- [Work to complete] Retype, exactly and with both ends included, the lines below from the one containing "Salsa in Döbeln" through the end; omit the pictures.

----- Recorded information

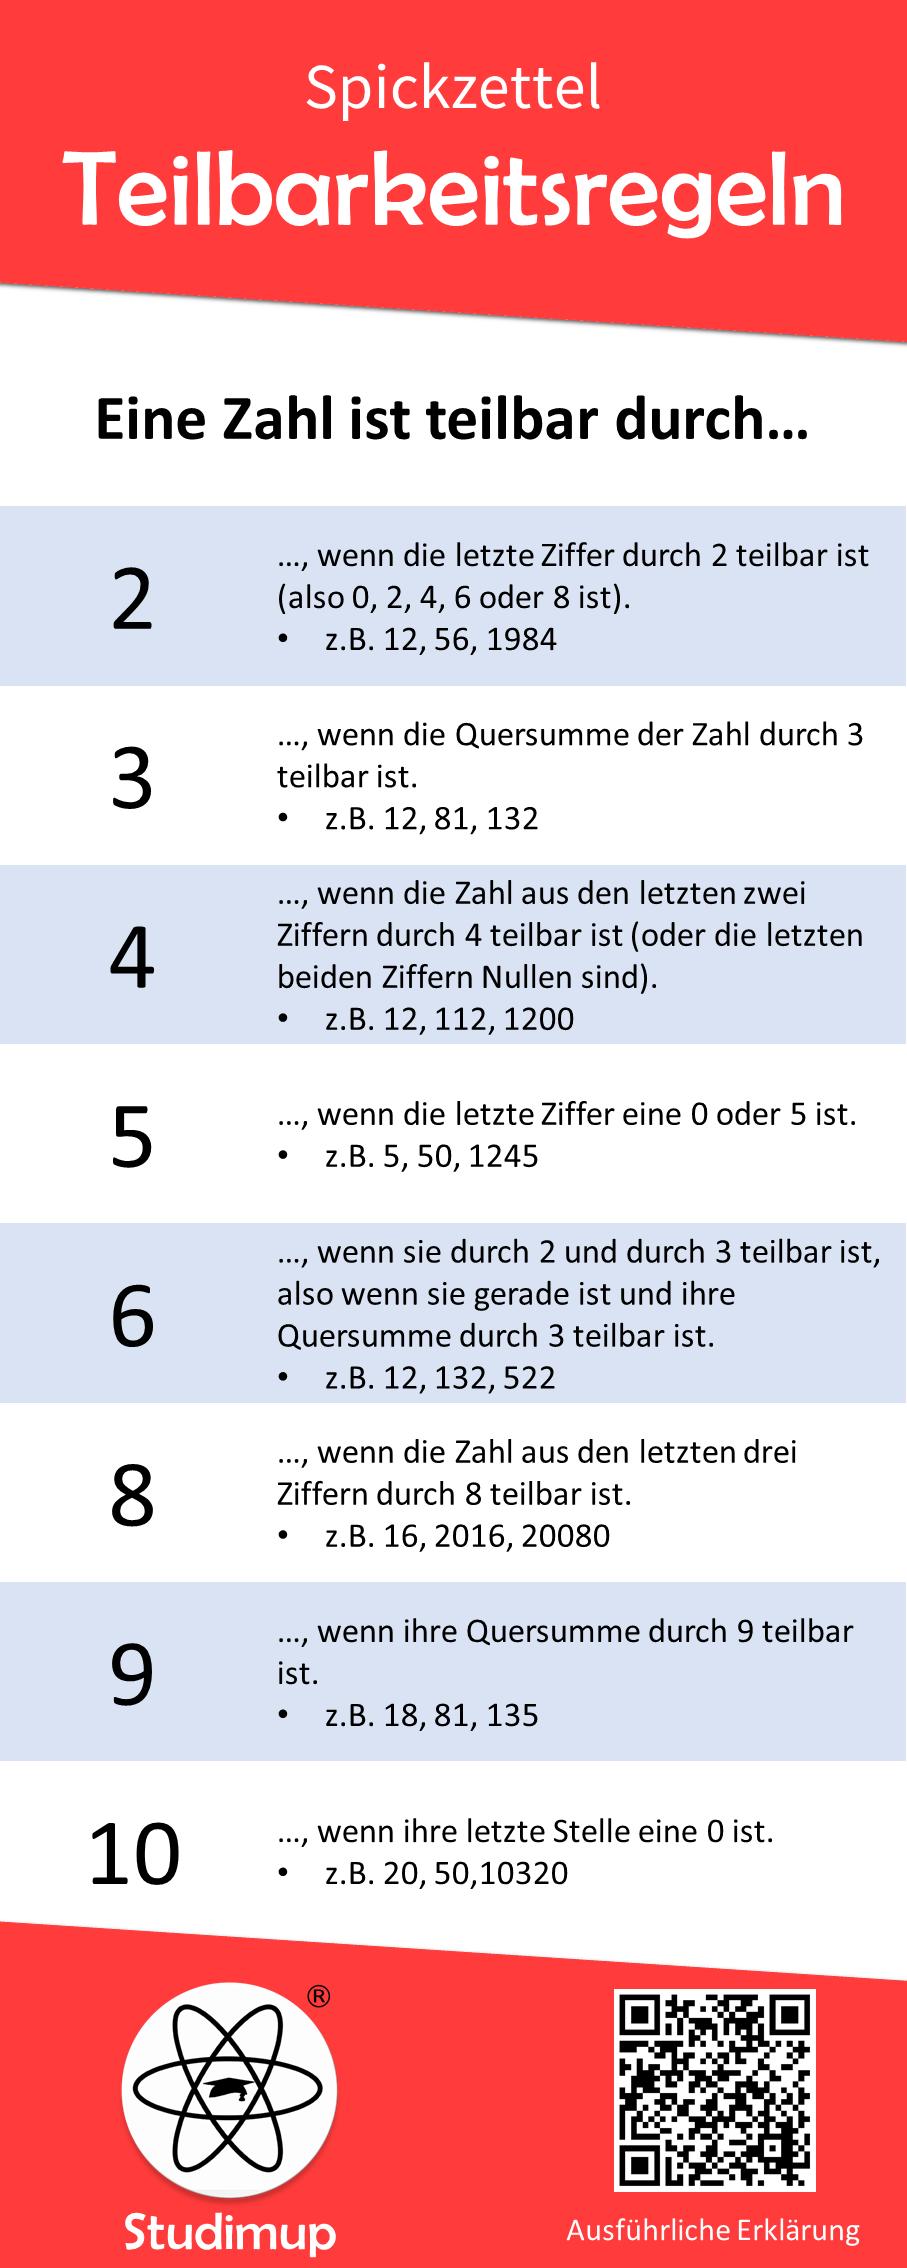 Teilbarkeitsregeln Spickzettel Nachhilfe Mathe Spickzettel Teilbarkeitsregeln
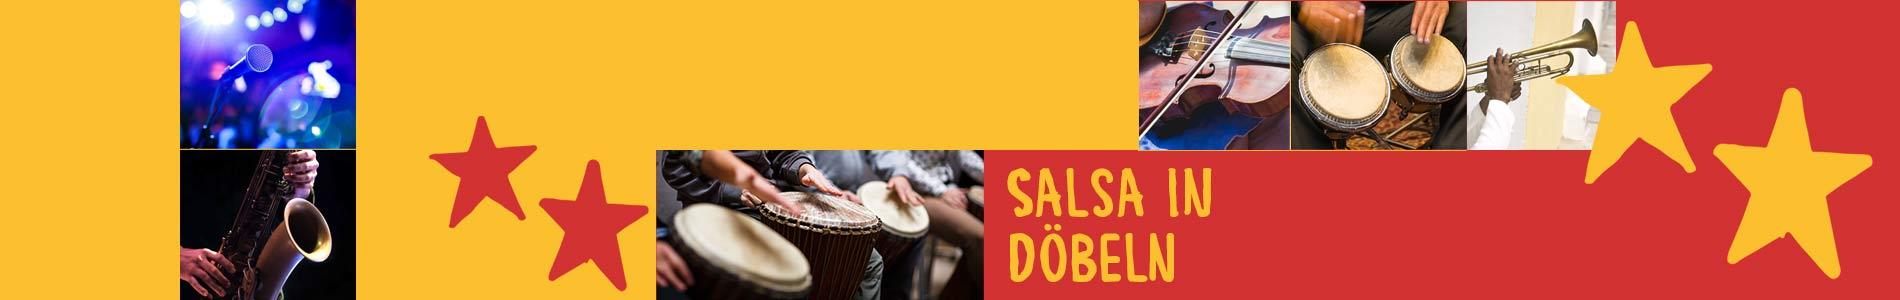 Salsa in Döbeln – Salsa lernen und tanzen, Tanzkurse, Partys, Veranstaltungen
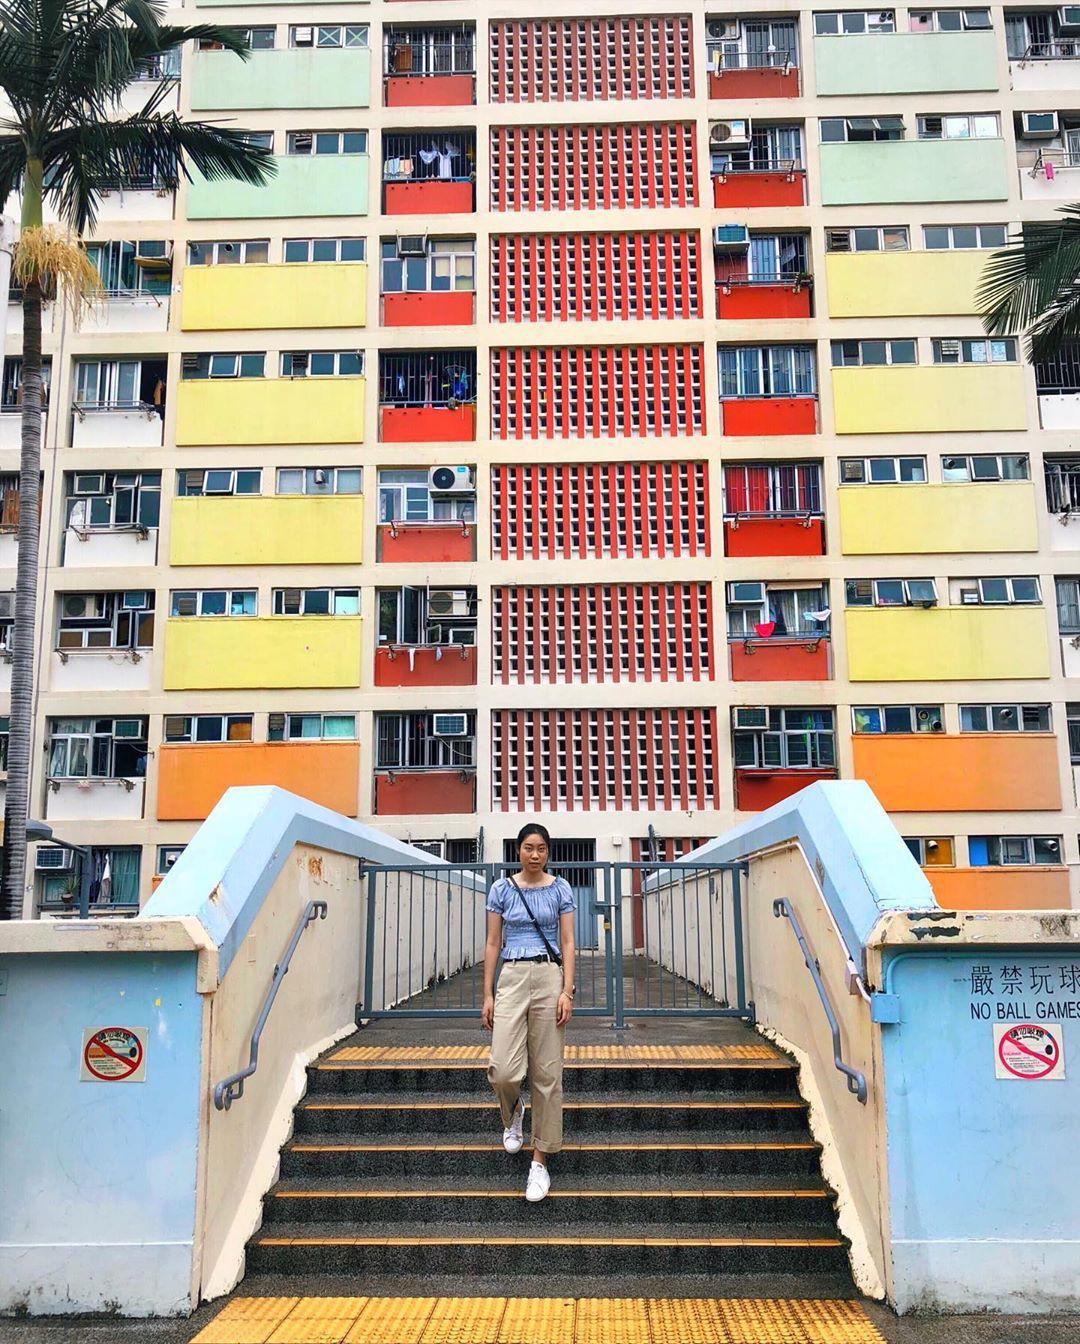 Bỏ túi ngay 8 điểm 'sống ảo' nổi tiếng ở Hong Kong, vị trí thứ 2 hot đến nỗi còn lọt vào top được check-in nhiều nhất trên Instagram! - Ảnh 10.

----------

- [Output of the exercise]
 Salsa in Döbeln – Salsa lernen und tanzen, Tanzkurse, Partys, Veranstaltungen
 Bỏ túi ngay 8 điểm 'sống ảo' nổi tiếng ở Hong Kong, vị trí thứ 2 hot đến nỗi còn lọt vào top được check-in nhiều nhất trên Instagram! - Ảnh 10.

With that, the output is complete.